Every picture stays out; everything else in the listing below is to be returned exactly.

*** SOURCE DATA Section Begins ***

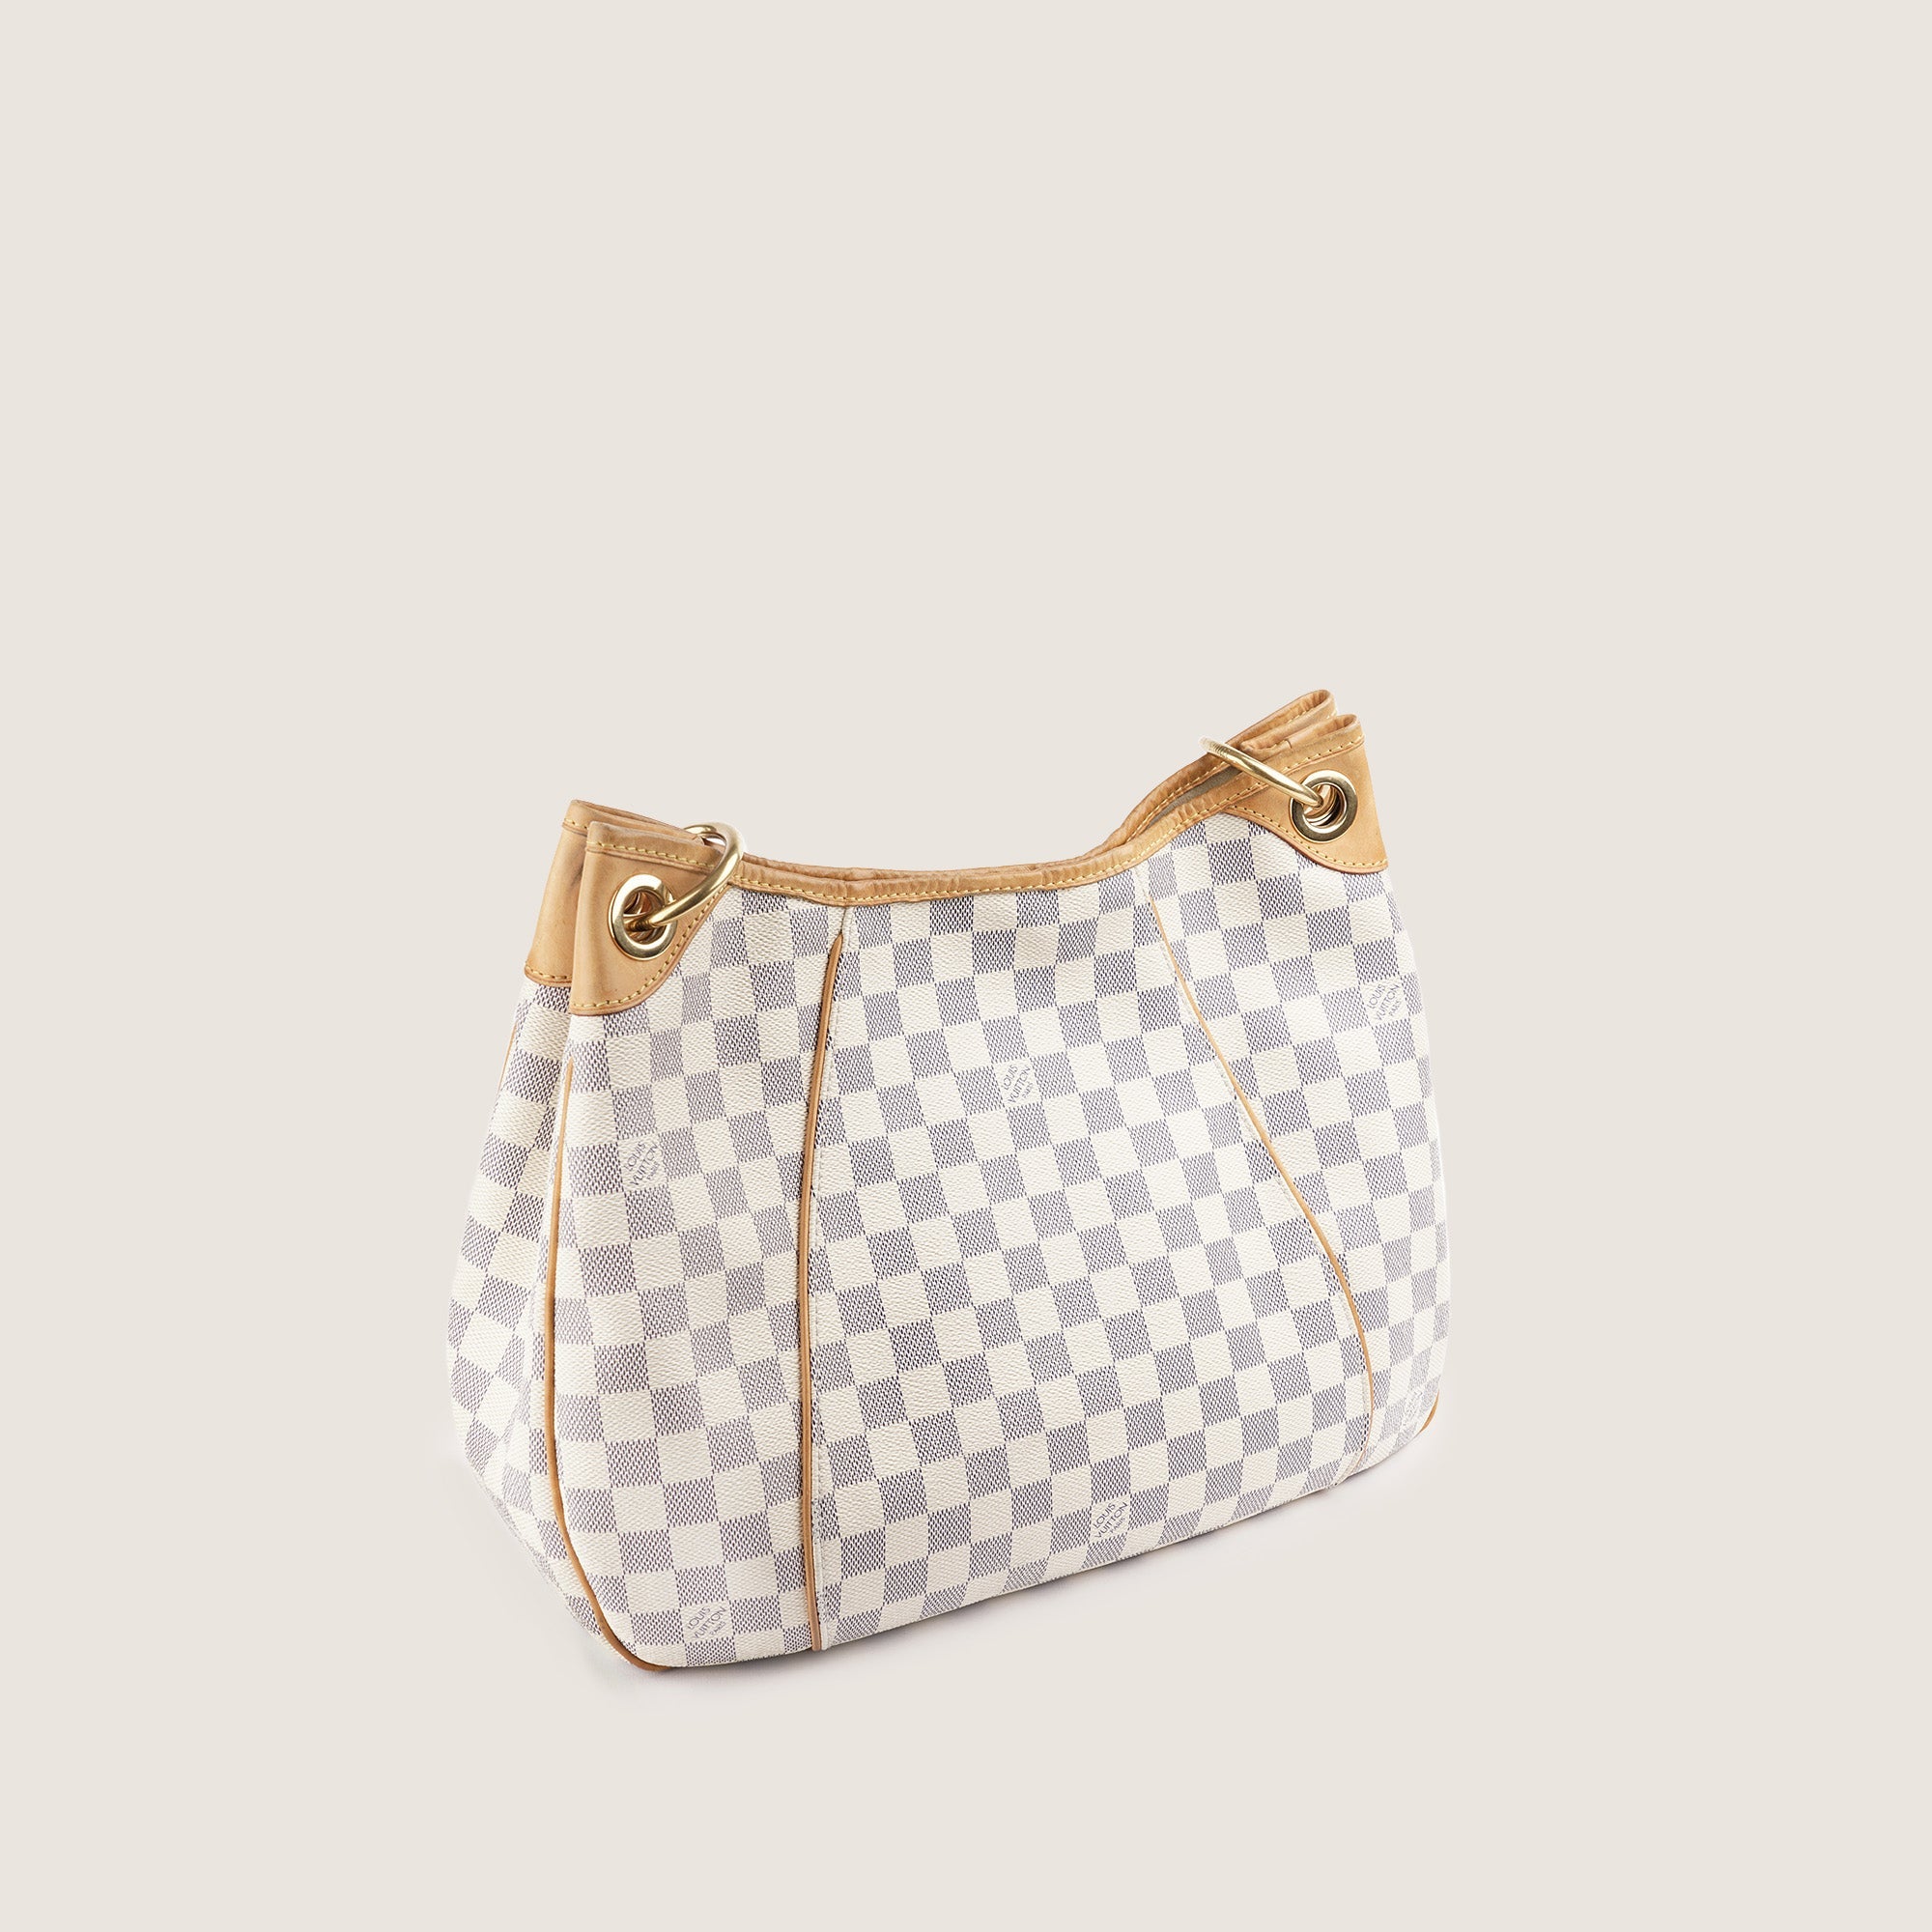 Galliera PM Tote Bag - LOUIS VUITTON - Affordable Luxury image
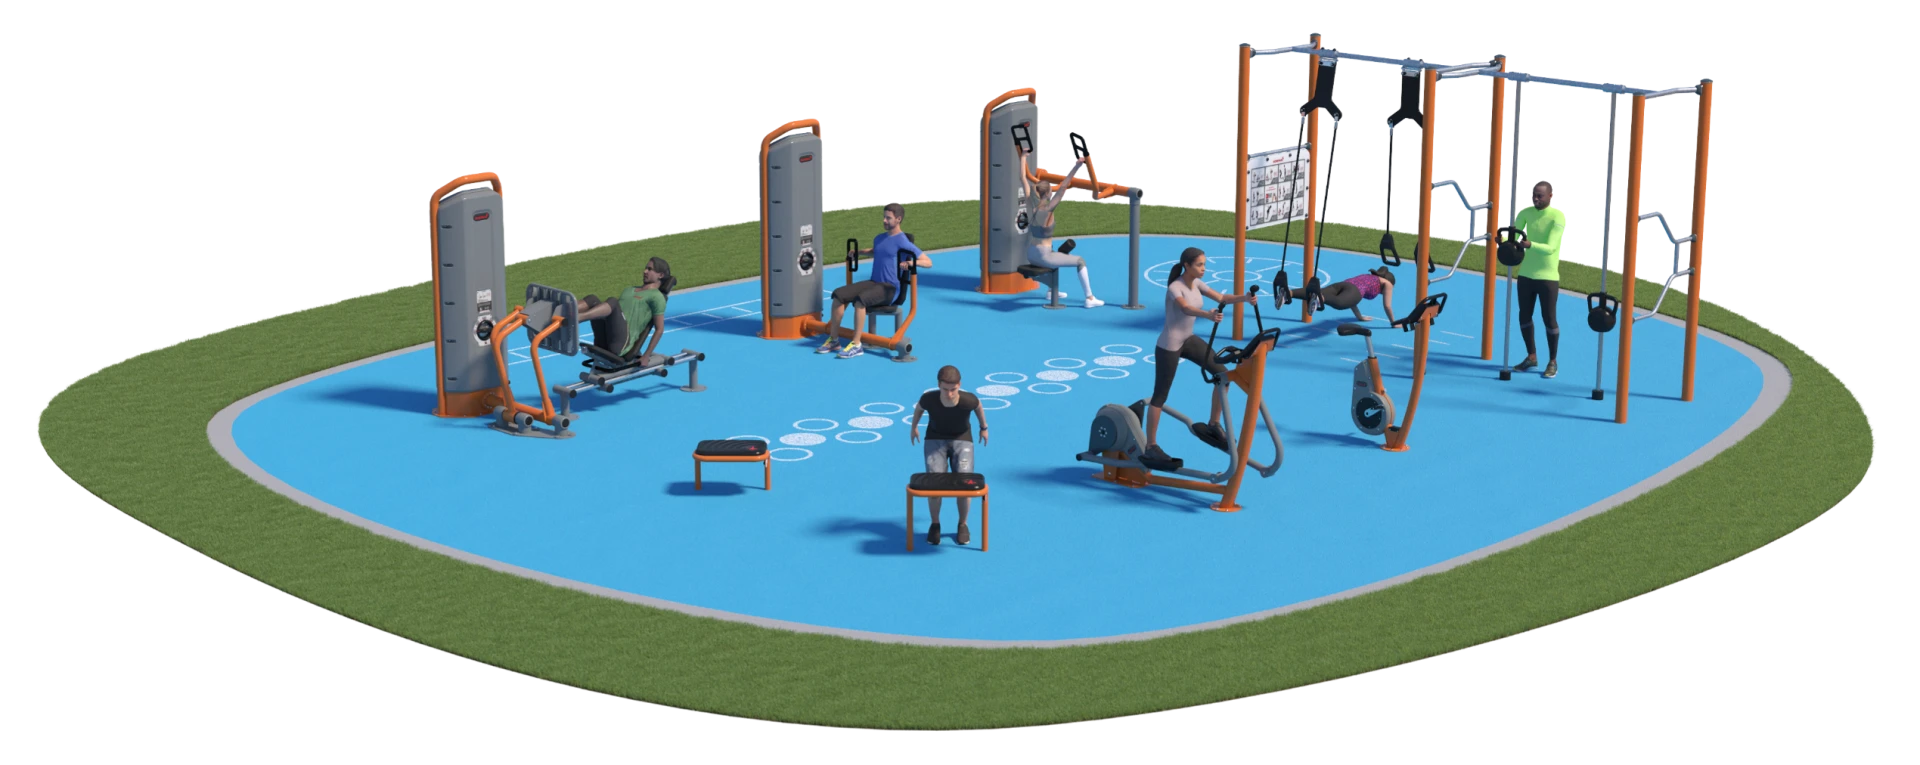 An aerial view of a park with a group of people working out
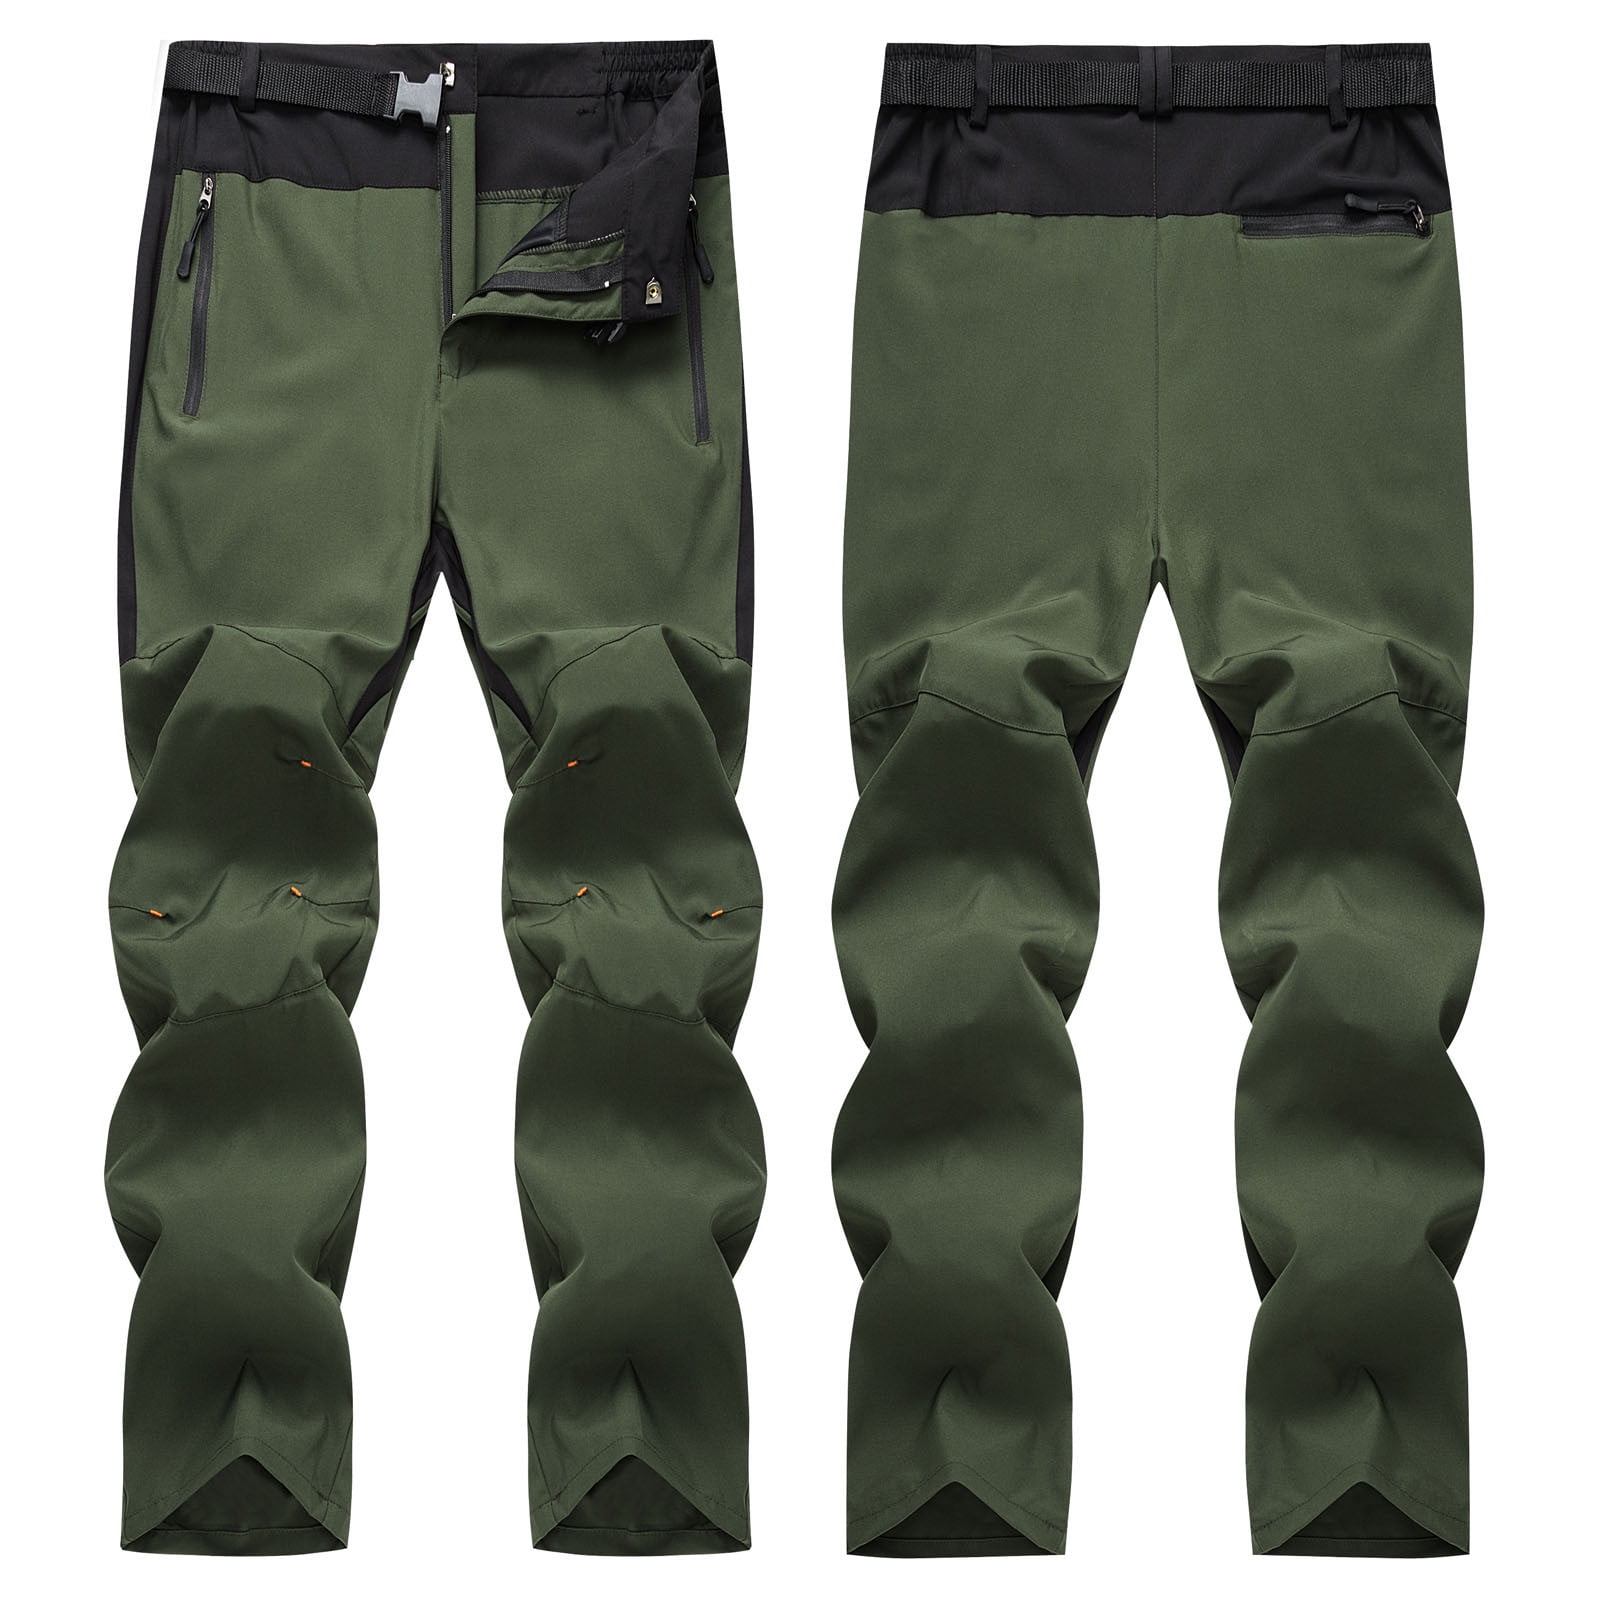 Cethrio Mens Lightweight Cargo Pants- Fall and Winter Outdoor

*** SOURCE DATA Section Ends ***

YOUR SOLUTION:
 Galliera PM Tote Bag - LOUIS VUITTON - Affordable Luxury image
 An aerial view of a park with a group of people working out
 Cethrio Mens Lightweight Cargo Pants- Fall and Winter Outdoor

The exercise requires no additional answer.